Regulating risks in outer space
Duke Law risk expert Jonathan Wiener says the proliferation of new players and ventures in space calls for rethinking law and policy regulating space activity
William R. Perkins Distinguished Professor of Law Jonathan B. Wiener
Space activities have taken off in the 21st century, with dozens of new countries and commercial enterprises pursuing space science, tourism, asteroid mining, and maybe even settling on the Moon and Mars. In the next decade, the global space economy is projected to nearly triple to $1.8 trillion, and NASA’s partnerships with companies such as SpaceX and Blue Origin are critical to furthering space exploration and development of a “low Earth orbit economy.”
While living on the Moon or Mars may sound farfetched now, the proliferation of new players and rapid advances in technology call for thinking ahead about the options, risks, and legal frameworks governing space activities, says Jonathan Wiener, a risk expert and professor of law, environmental policy, and public policy at Duke University.
“A reaction I often get is, ‘Isn’t it premature to talk about interplanetary law or regulation when we don’t have settlements or bases on other planets yet?’ Wiener said.
“But there are important issues that we should address in advance, before we set up bases or settlements, and some of these issues are already facing us today.”
As more government and commercial enterprises engage in space activities, managing potentially catastrophic risks, weighing trade-offs, and reducing conflicts become more difficult, says Wiener. Current international law and agreements, like the 1967 Outer Space Treaty (OST) and the newer Artemis Accords, don’t adequately address or regulate existing or unforeseen risks, he says, much less set up a framework for governing relations with future settlements.
“Even the term ‘space law’ needs to be updated. Space law treats the Earth as home in one category, and everything in outer space — our solar system, all the other planets and their moons, and the rest of the universe — as an enormous all-encompassing second category,” Wiener said.
“That's a very geocentric perspective, and as we start to have more activities, perhaps on the Earth’s Moon, on asteroids, and on Mars and other planets, we're going to have to start differentiating our activities and our relationships with those other places — especially if we have human settlements there.

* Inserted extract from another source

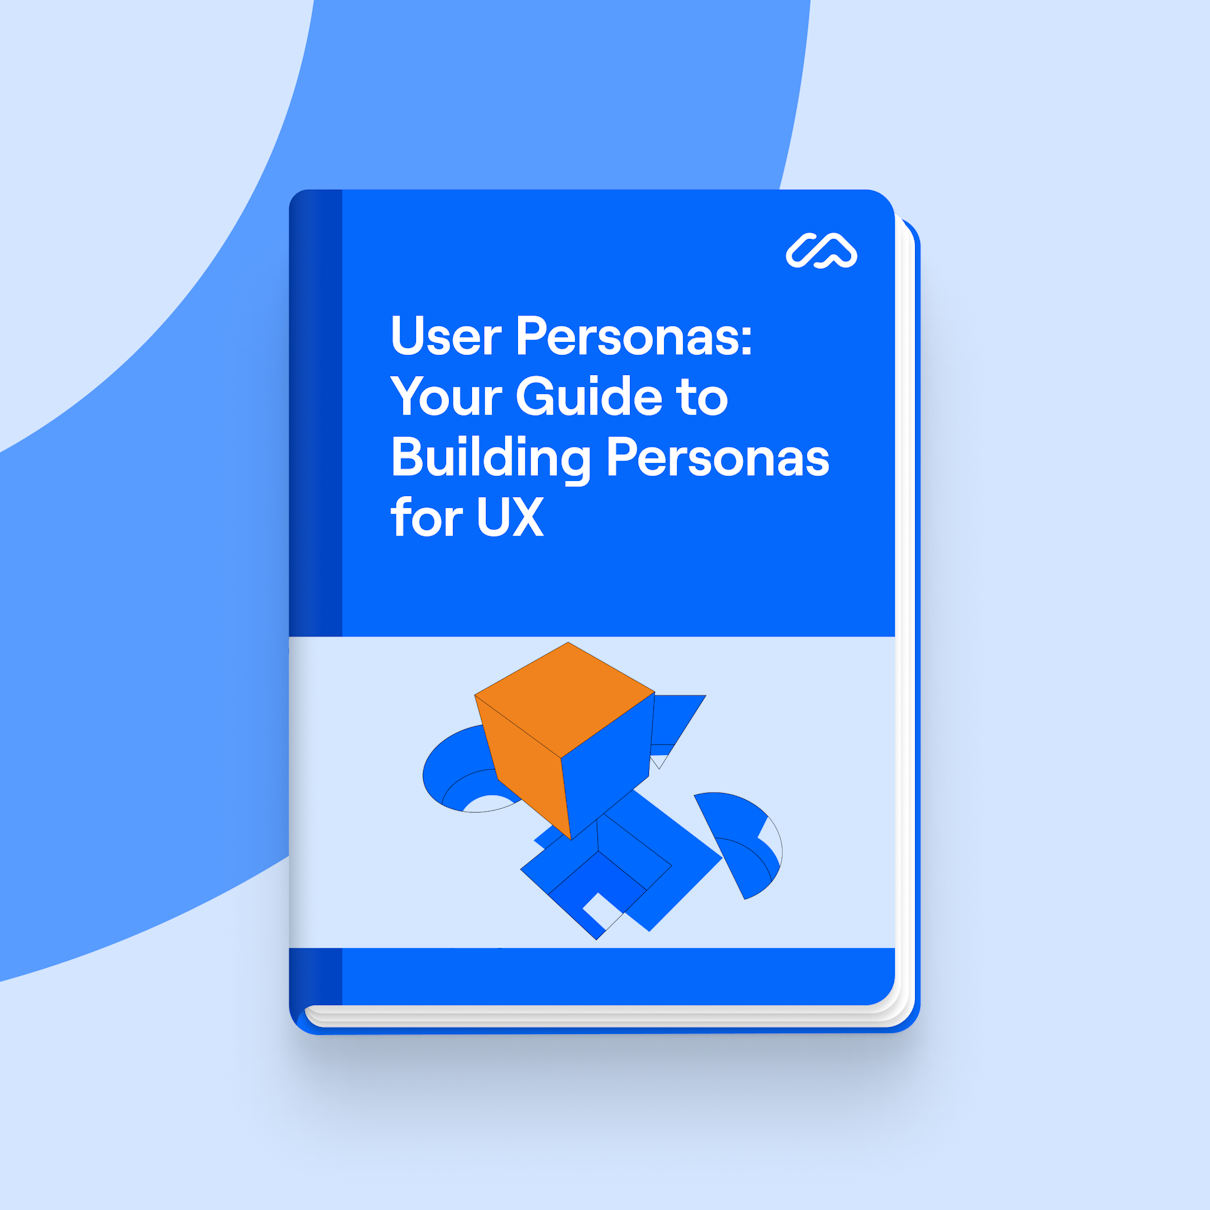 User Personas: Your Guide to Building Personas for UX

We need to think about interplanetary relations in a less homogeneous way than just outer space as a single category.”
In Interplanetary Risk Regulation, Wiener and co-author Chase Hamilton JD ’21 outline a new arena of governance to develop rules and institutions for space activities by governments and commercial entities — activities that offer great opportunities, but also could inadvertently trigger an existential catastrophe. Wiener teaches a class on space law at Duke Law School and co-directs the Duke Center on Risk. Hamilton's practice at Akin includes space law and policy.

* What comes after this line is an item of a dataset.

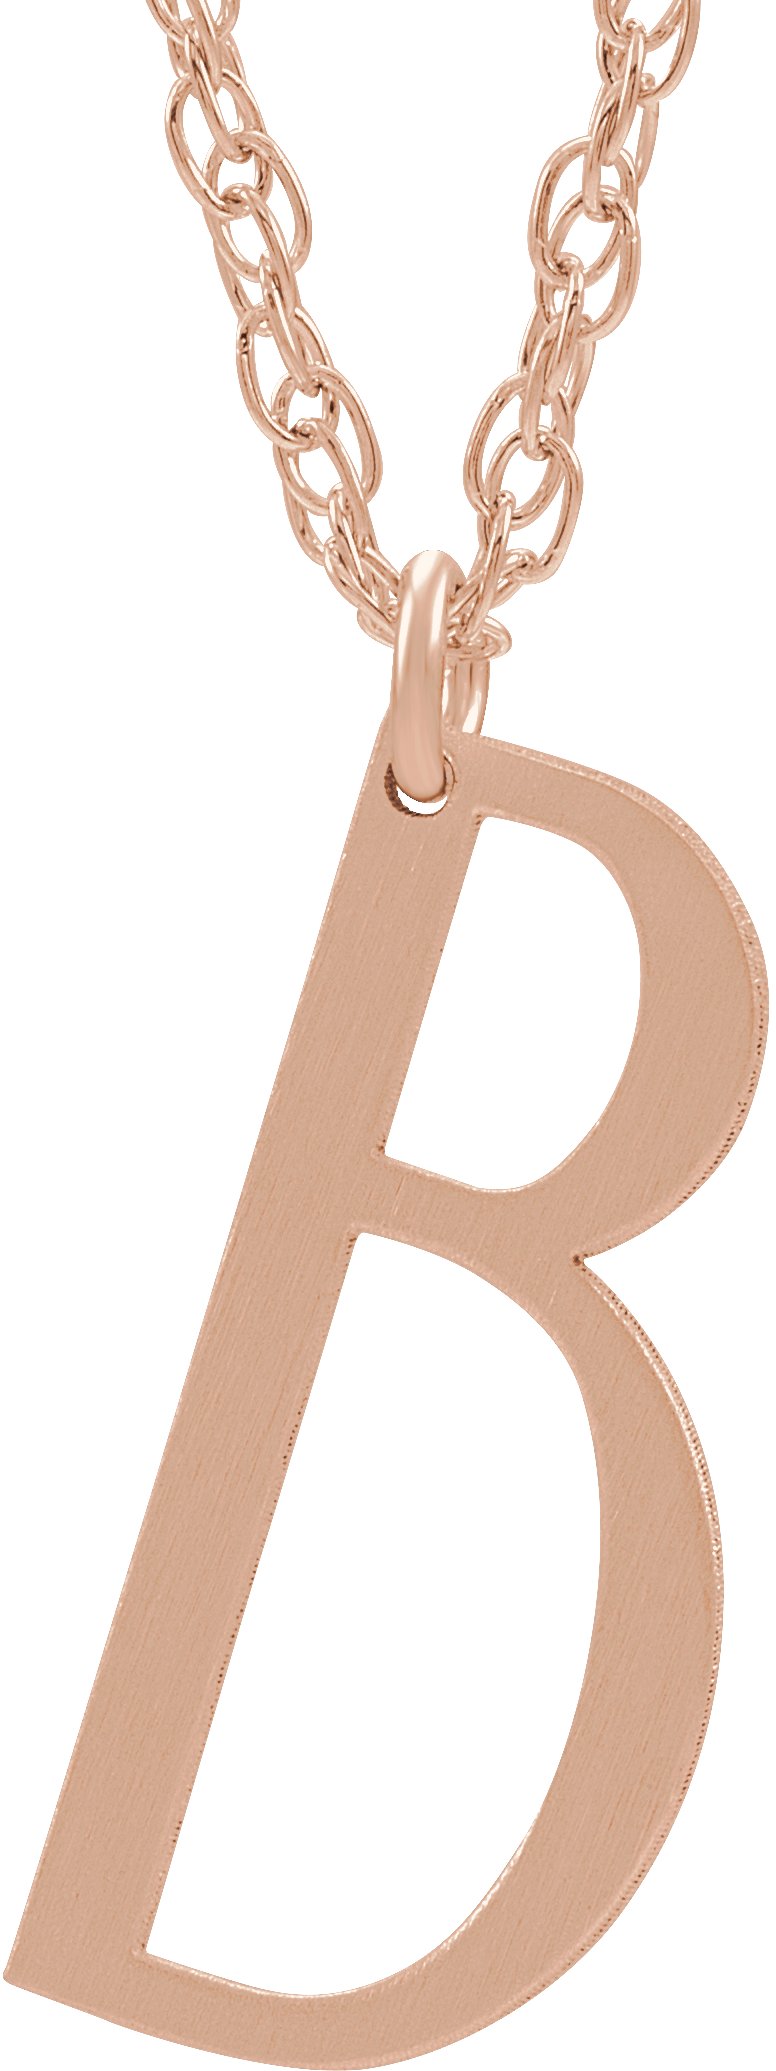 14K Rose Gold-Plated Sterling Silver Block Initial B 16-18" Necklace with Brush Finish

“It’s possible to have an extinction event from a small mistake in space,” Wiener said. “We face significant unknowns out there when we explore the vast universe and all its different environments."

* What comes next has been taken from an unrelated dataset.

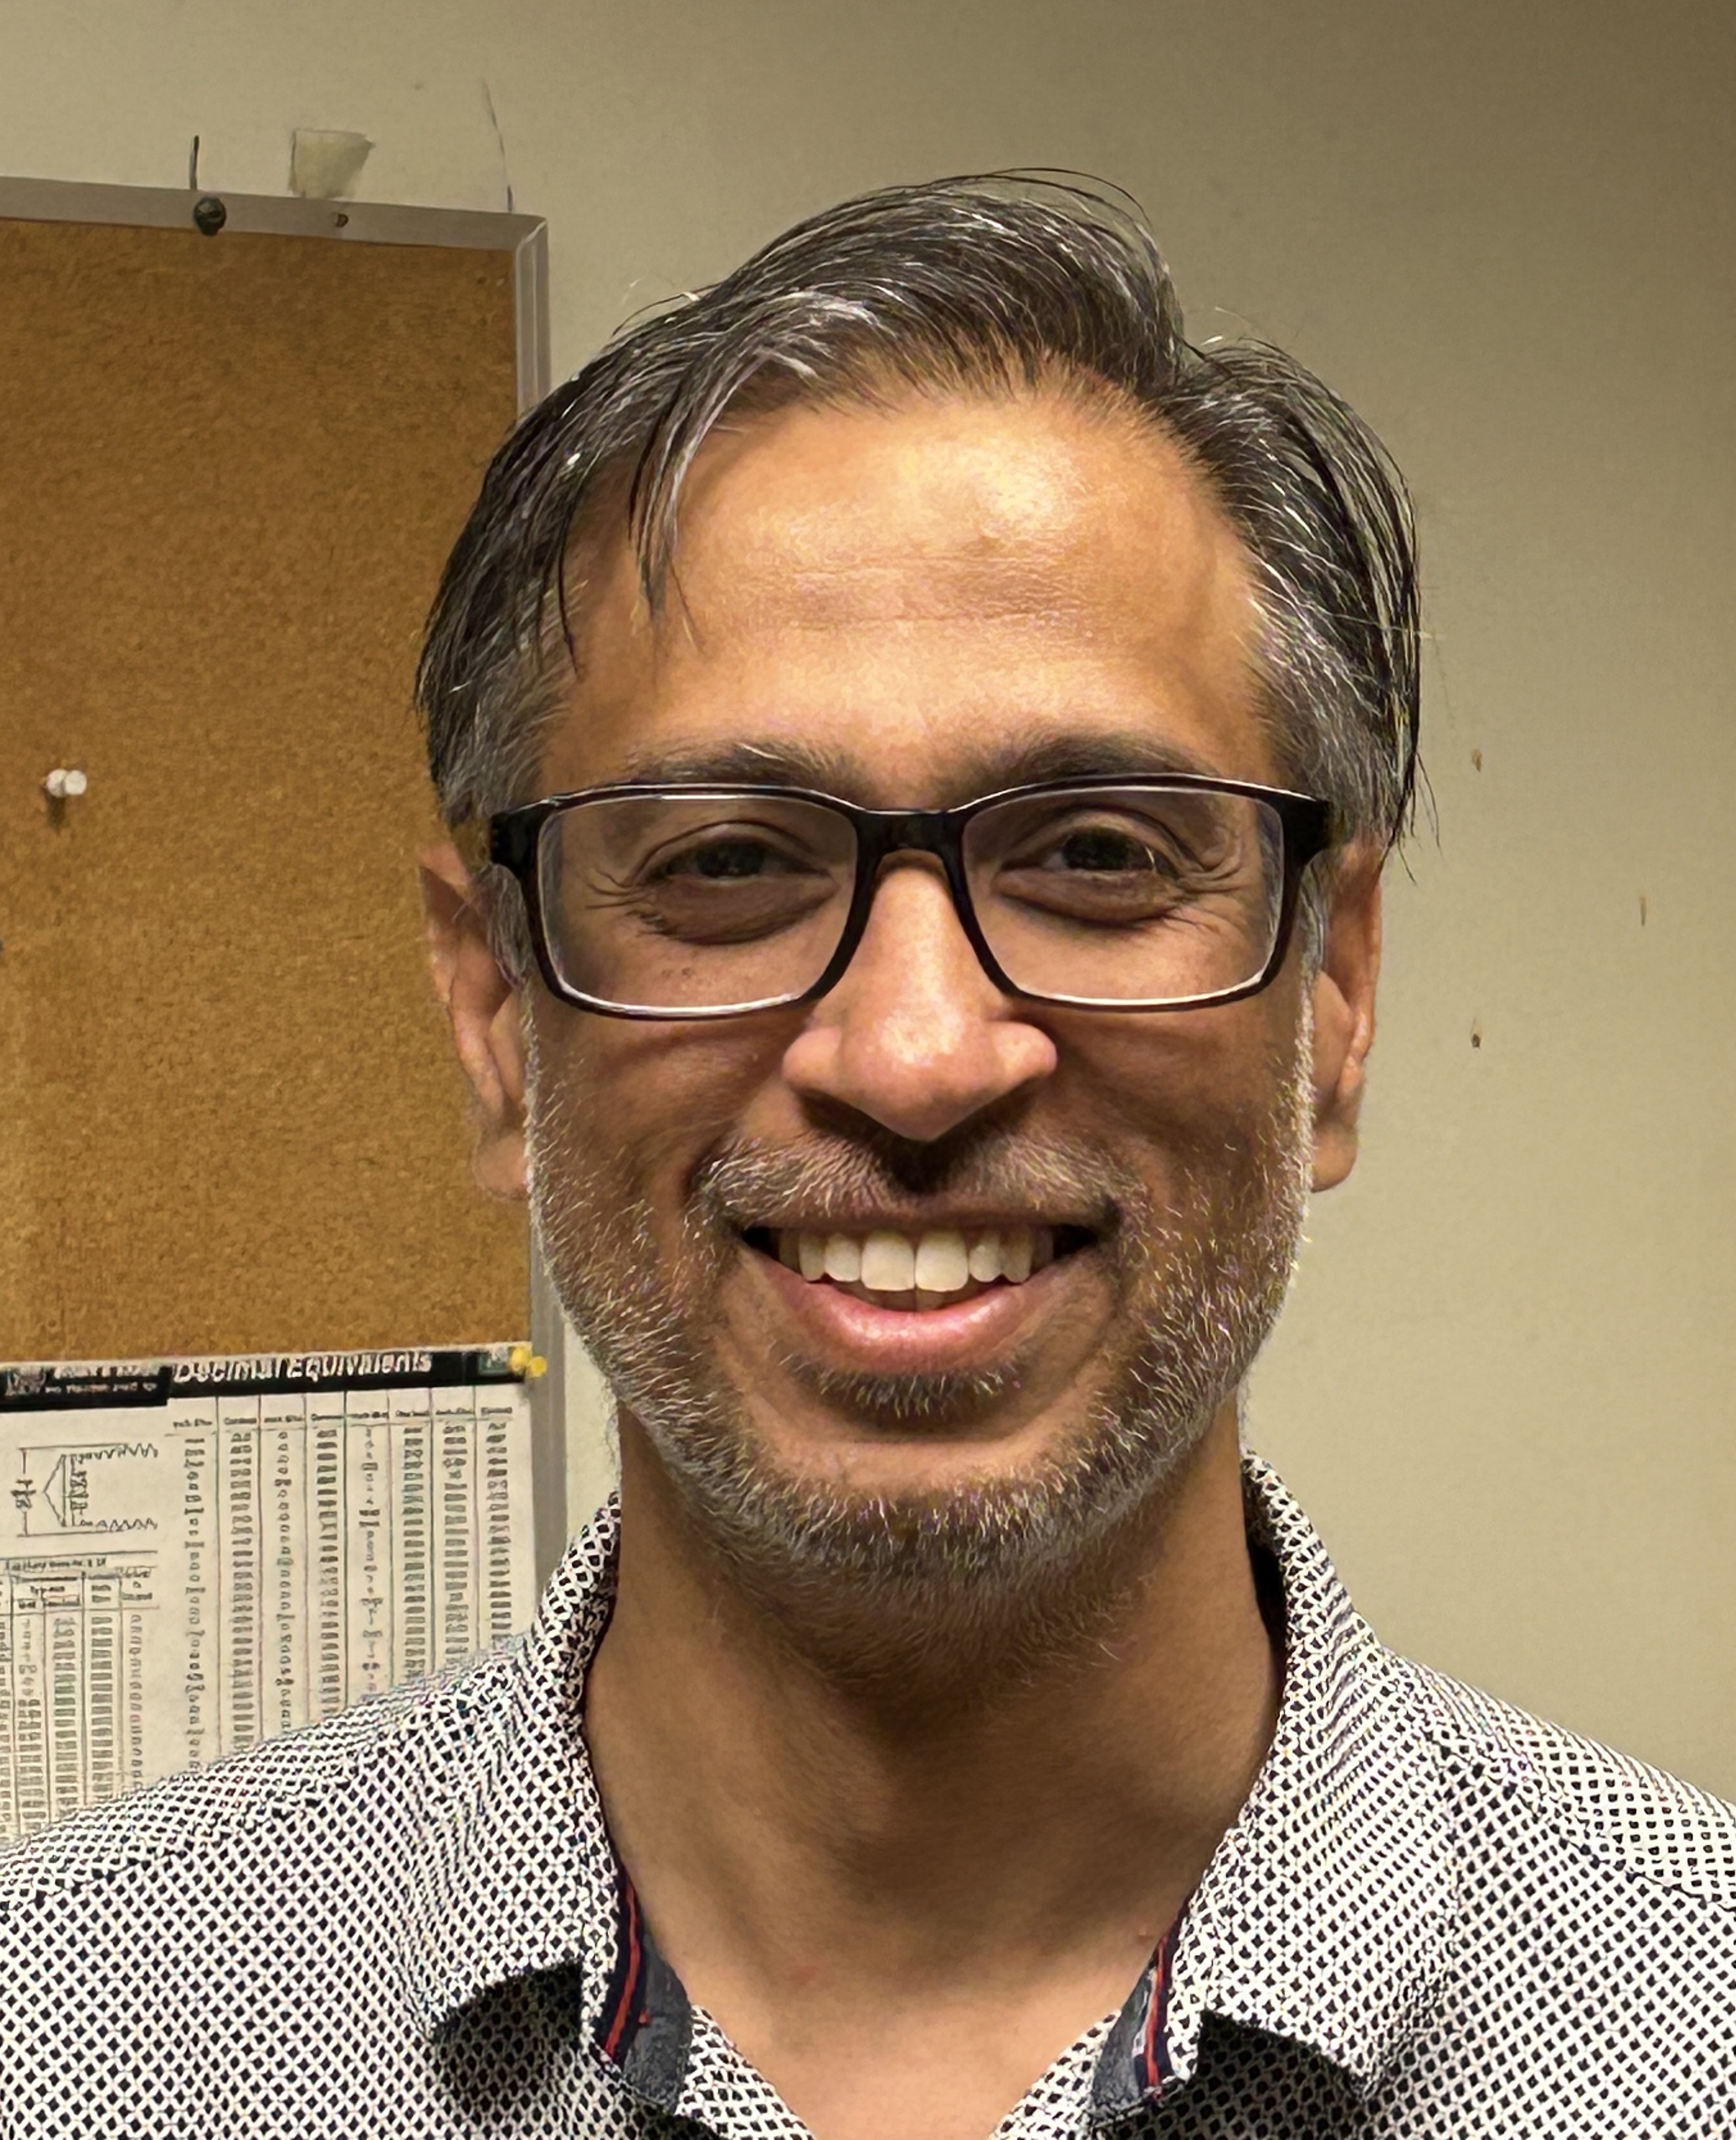 Headshot of Sumit smiling with a corkboard and tan wall in the background

New regulatory institutions needed to fill in gaps
In their paper, the authors address two such risks that face us today and that could cause catastrophic consequences: asteroid collisions and microbial contamination. Each could damage Earth, other planets, and our future settlements and orbiting space stations.
Near-Earth objects (NEOs) such as asteroids, meteors, and comets have already caused a range of damage to Earth. A meteor that struck Chelyabinsk, Russia, in 2013 injured more than 1,600 people and caused damage over 200 square miles. A 1908 explosion over Siberia felled some 80 million trees over more than 800 square miles. And 66 million years ago, a very large asteroid’s impact created the Chicxulub crater off the Yucatan peninsula and led to the extinction of dinosaurs.
The possibility of future NEO collisions requires planning and coordination for early detection, monitoring, impact assessment, response, and potential deflection. In 2022, NASA tested the first ever mission – called DART – to deflect an asteroid.
“We need planetary defense against asteroids to protect the Earth, and if we settle other planets in the future, we'll have to defend them from asteroids too,” Wiener said. “Mars may be even more vulnerable to asteroids than Earth. And we’ll need a more globally inclusive – or interplanetary – governance regime to decide on future NEO deflection missions.”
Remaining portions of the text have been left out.